To assess whether it is possible to reduce the burden of completing the full Hospital Anxiety and Depression Scale (HADS) by identifying patients at risk for elevated HADS ≥11 using fewer questions.
Retrospective cohort study followed by prospective validation.
A large Dutch hospital with orthopaedic patients.
13 345 orthopaedic patients with a median age of 53 years (IQR: 37–65) for the retrospective cohort; 100 patients for prospective validation.
Incidence of HADS scores ≥11 and performance of a simplified screening model for elevated HADS.
The full HADS questionnaire consists of 14 items (7 each for anxiety and depression). Logistic regression models were developed retrospectively to predict HADS ≥11 using one or two questions. Models were evaluated based on sensitivity (>90%), negative predictive value (NPV >90%) and reduction of the response burden (>50%). The most effective model was validated prospectively in 100 patients.

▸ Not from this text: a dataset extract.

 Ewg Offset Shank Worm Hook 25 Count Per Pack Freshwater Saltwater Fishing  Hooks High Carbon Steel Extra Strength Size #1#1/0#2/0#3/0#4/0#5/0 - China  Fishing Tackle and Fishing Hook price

The retrospective cohort included 13 345 patients, with 20% (n=2671) having a HADS score ≥11. The final model, using questions 4 (‘I can laugh and see the funny side of things’) and 5 (‘Worrying thoughts go through my mind’), achieved an area under the curve of 0.934, sensitivity of 95%, NPV of 98% and reduced the questionnaire burden by 57%. Prospective validation confirmed high sensitivity (94%) and NPV (98%) for identifying patients at risk of elevated HADS scores.
In a large Dutch hospital, 20% of orthopaedic patients exhibited elevated HADS scores (≥11). Screening for elevated HADS using only two questions was highly effective, with significant reductions in patient burden. Patients who screen positive should complete the full HADS for accurate diagnosis and management. This approach could reduce the need for full HADS completion in over half of the patients, without sacrificing screening accuracy.